Things are changing in the Benguela system. Just as one group of scientists noticed that average temperatures have been rising over the South African countryside for the past four decades, most markedly in the west of the country, another group of scientists says that marine thermometers have captured a 1°C rise in sea surface temperatures around the coast since the World War II.
Further south, in the deep waters of the Southern Ocean, the mercury rose by an average 0.17°C between the 1950s and the 1980s. In fact, the latest Intergovernmental Panel on Climate Change (IPCC) study, the Fourth Assessment Report, which was released in three tranches in 2007, now estimates that something like 80 % of the heat which has been trapped in the system because of human-caused greenhouse gases, is now held in the ocean.
Since 1961 it has caused measurable increases in the temperature of the ocean, to as deep as 3000 m below the surface. During a climate change-related workshop held in Cape Town in May 2007, the Benguela Current Large Marine Ecosystem Programme (BCLMEP), an initiative between scientists from South African, Namibia and Angola, announced that “since 1955 the oceans’ net heat uptake has been 21 times that of the atmosphere”.
Not only is the ocean warming off the West Coast, but the rate of warming appears to have been accelerating during the past 15 years.
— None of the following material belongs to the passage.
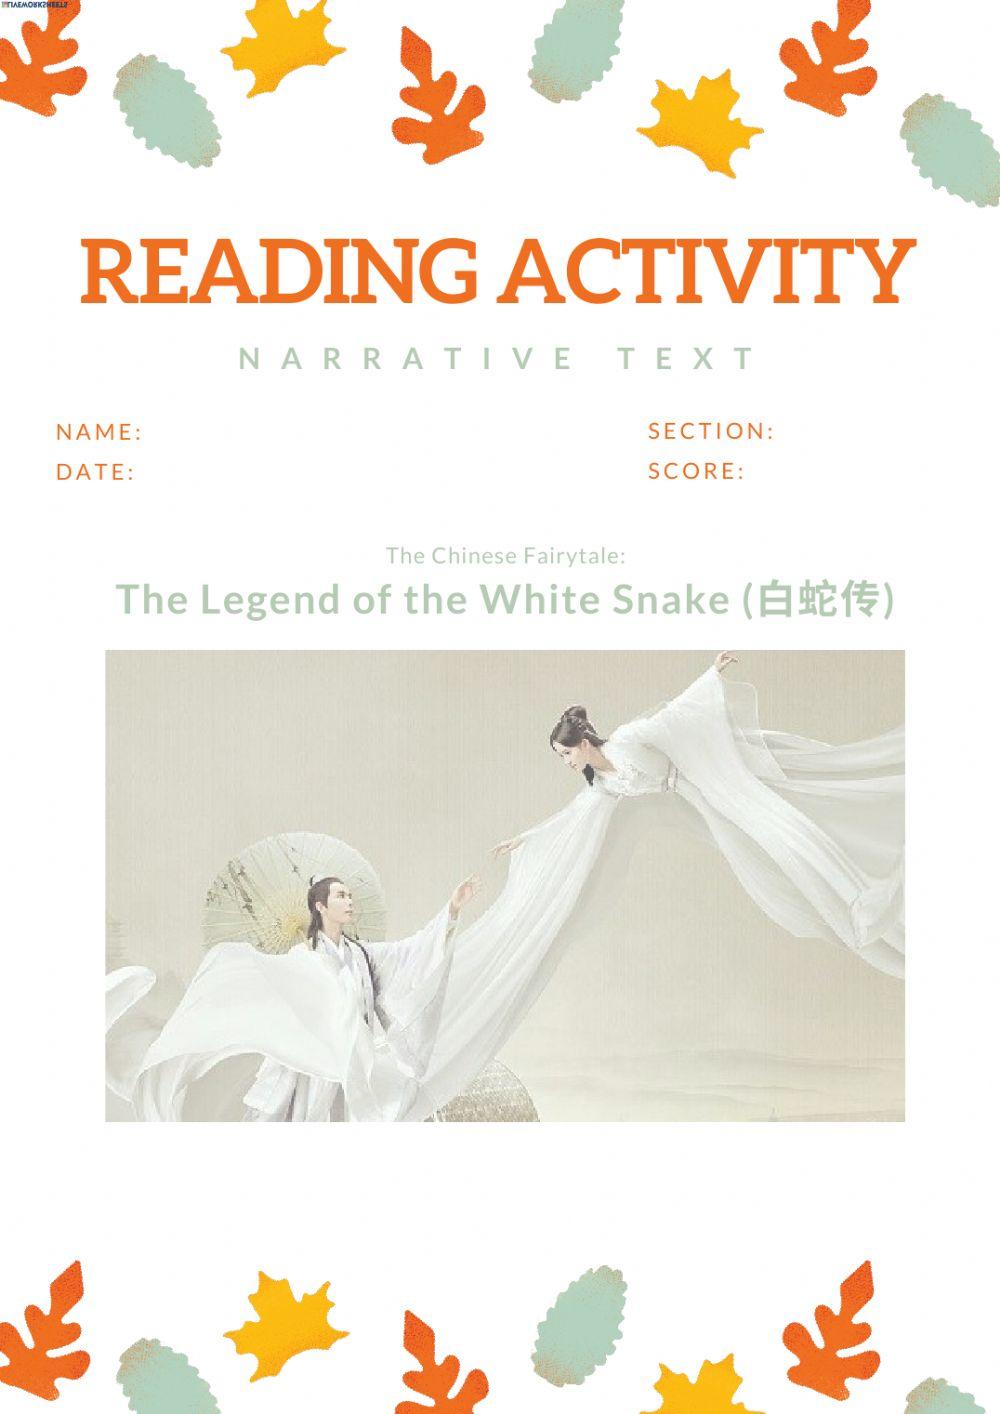 Reading Activity: Narrative Text

There are also definite signs of change within the system – although the scientists will be the first to tell you that the exact cause of the change is still open to debate.
Amongst the first to go were the sardines, their numbers plummeting to a historic low along the traditional West Coast fishing grounds, the Cape Times reported in May 2006, possibly the result of shifting climatic changes or chronic over-harvesting. But meanwhile, in Mossel Bay, the sardine hauls were extraordinary, with Marine and Coastal Management reporting that the catch has “leapt up from 2 110 tons to 121 536 tons in five years”.
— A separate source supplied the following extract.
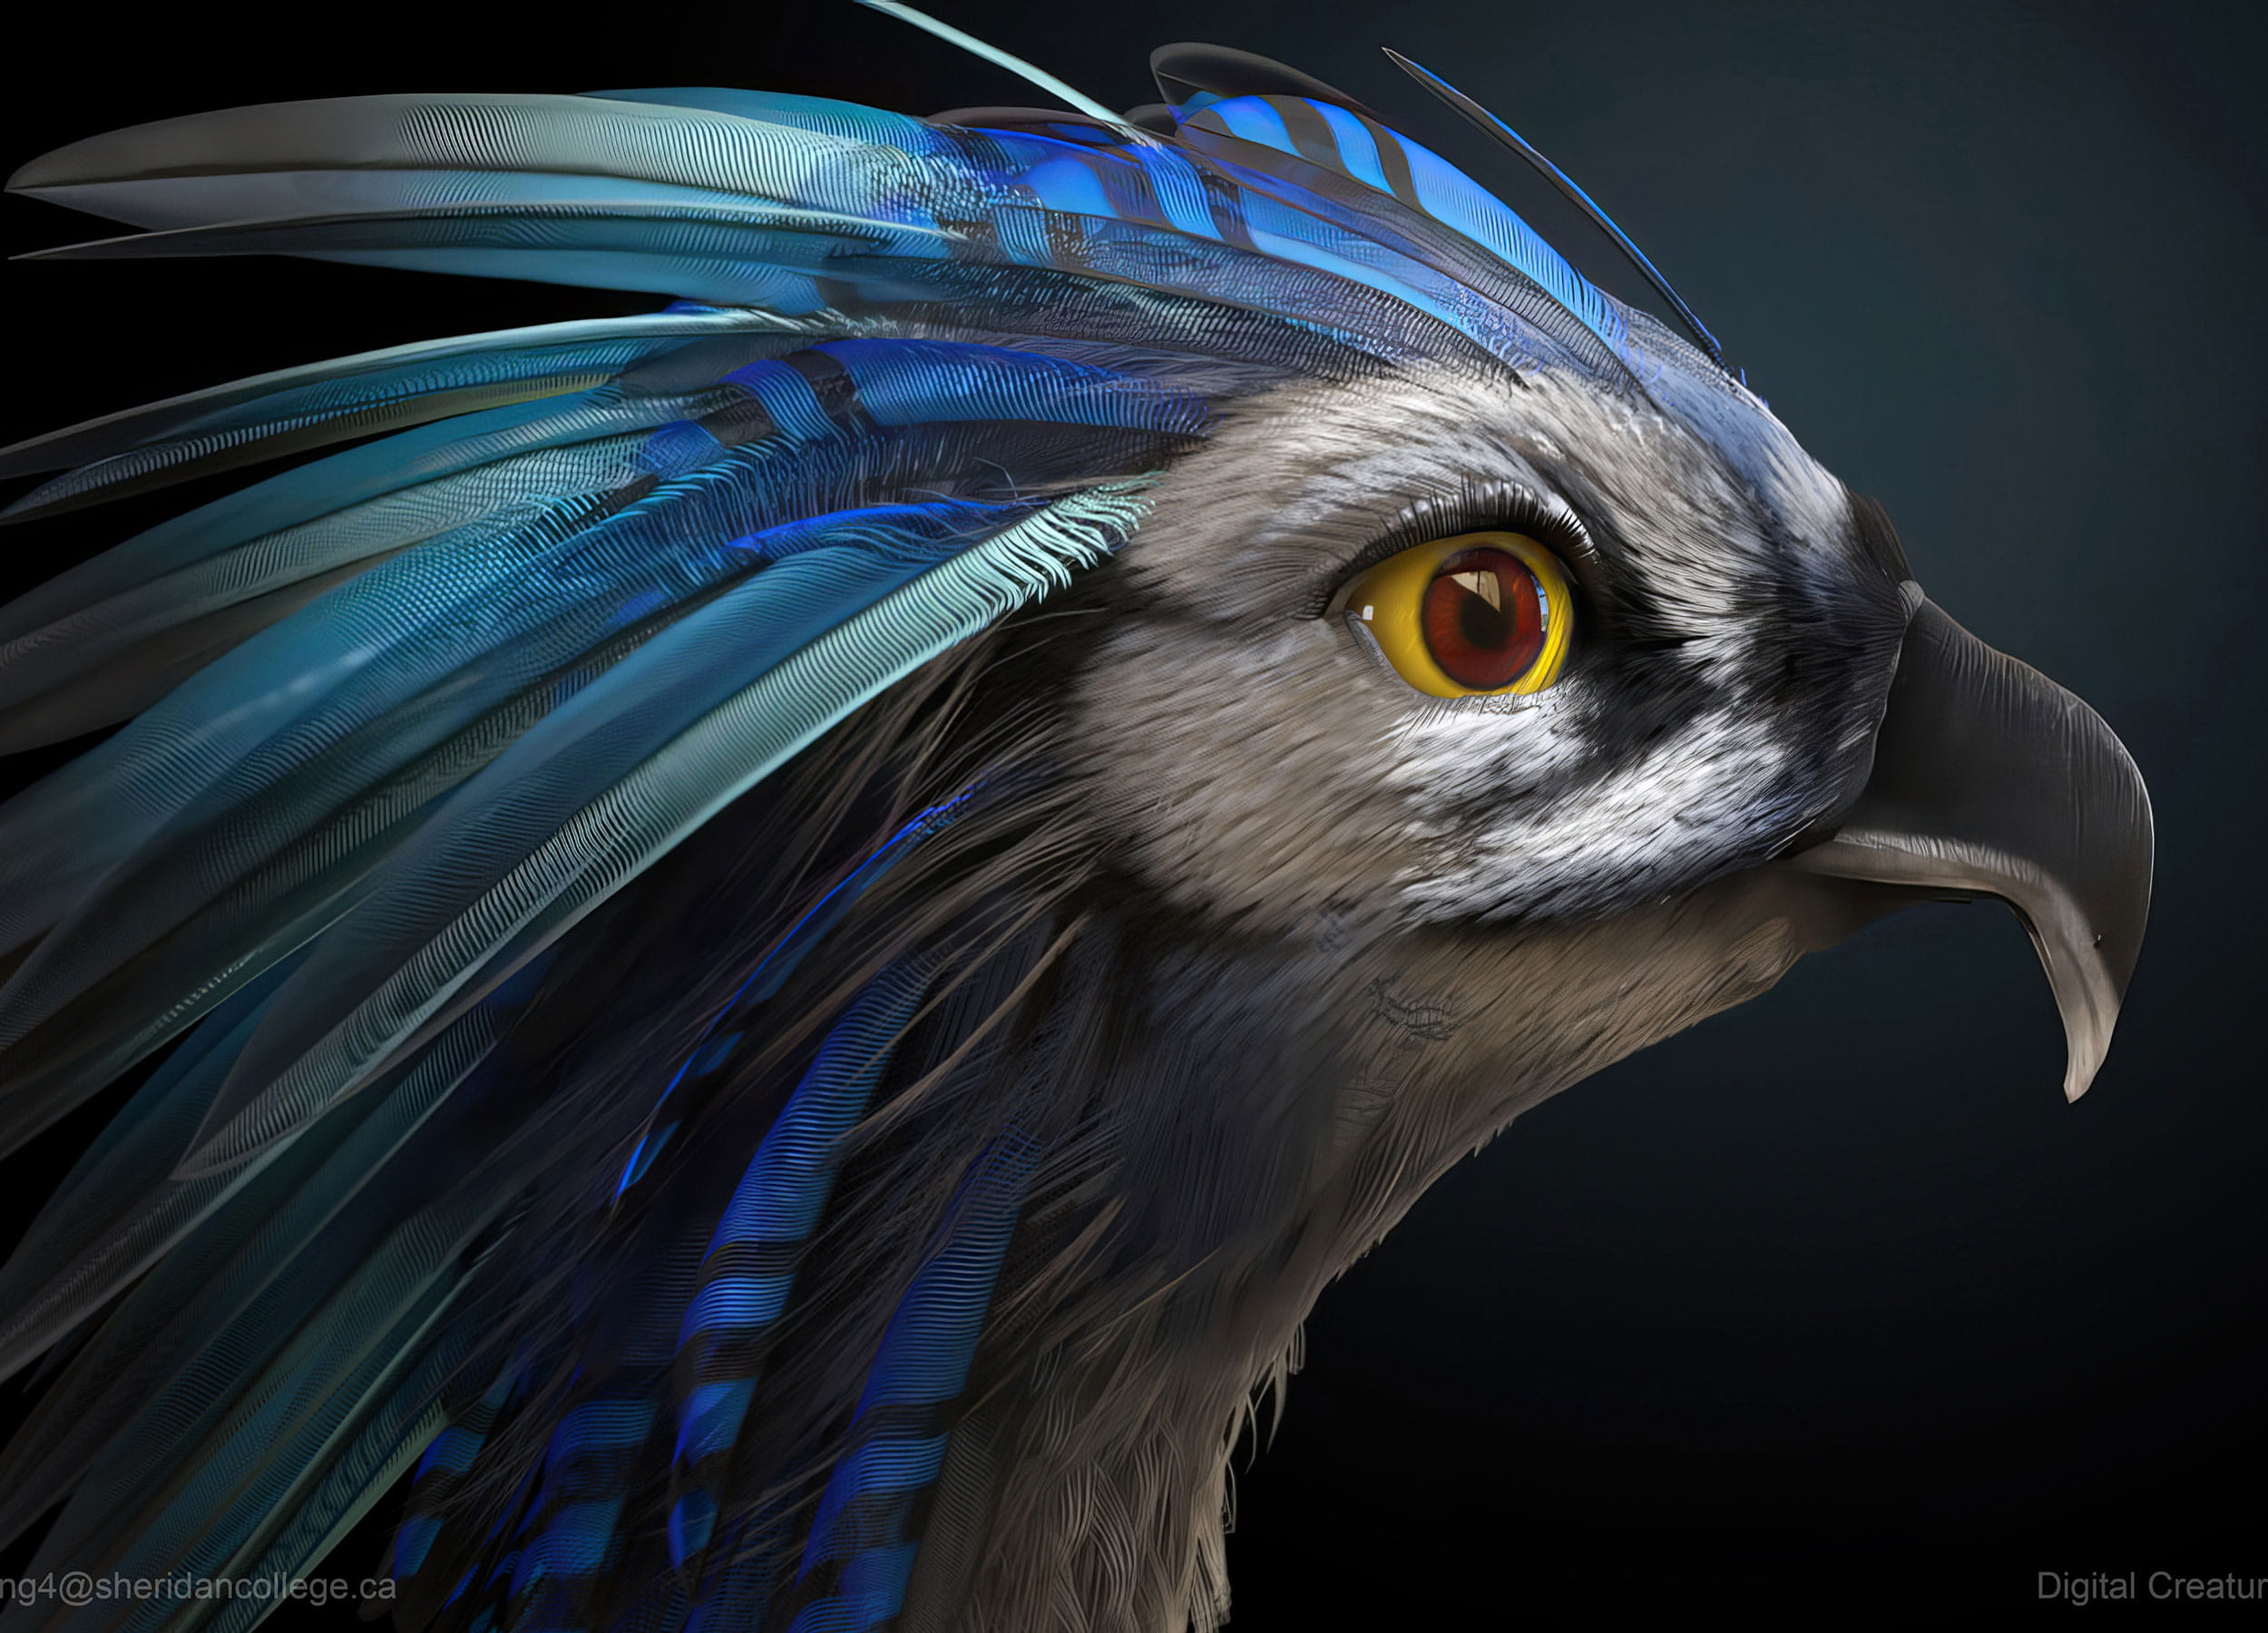 A digitally animated bird-like creature, created by Sheridan grad Yue Hong

Marine birds followed, tracking the fish as they headed eastward, most notably the Cape gannet (Morus capensis). “In 1956, only seven percent of southern Africa’s gannet population occurred in the Eastern Cape. This number has jumped to 67%”, the BCLMEP reported in its newsletter in July 2006.
Meanwhile, Namibia’s gannet breeding sites were shrinking radically. “The endemic crowned cormorant Phalacrocorax coronatus… now breeds at Tsitsikamma National Park, 355 Km east of its traditional nesting sites. Similarly, the Hartlaub’s gull Larus hartlaubii has established two breeding colonies in the vicinity of Port Elizabeth; it is breeding 550 Km further east than it did 10 years ago.”
Anchovy shoals also seem to be disappearing from their traditional fishing grounds of the West Coast, but appear to have shifted eastwards, beyond Cape Agulhas. The West Coast rock lobster also appears to be shifting south and rounding Cape Point, tracking the coastline eastward and entering the already over-stressed abalone breeding grounds of False Bay.
For the rock lobster, something is at play and it manifests as mass walkouts of these spiny creatures. During summer, when the water is loaded with nutrients, if the wind should pause long enough, the algae accumulates instead of being dispersed and blown out to sea. Once the plants' food is consumed, they die, sinking to the ocean bed.
As they decay, bacteria consume the oxygen in the water and without wind action to keep mixing in new, oxygen-rich water, life on the ocean floor begins to suffocate. If these low-oxygen events move close to the shore, they force the lobsters towards the shallows and into the intertidal zone. Once the tide heads back out, the lobsters are left for dead by the retreating waters.
Lobster walkouts are on the increase, possibly due to altered wind activity. During the 1990s, five mass walkouts occurred, leaving over 2 200 tons of lobster rotting on the shore. Three of these were the worst on record.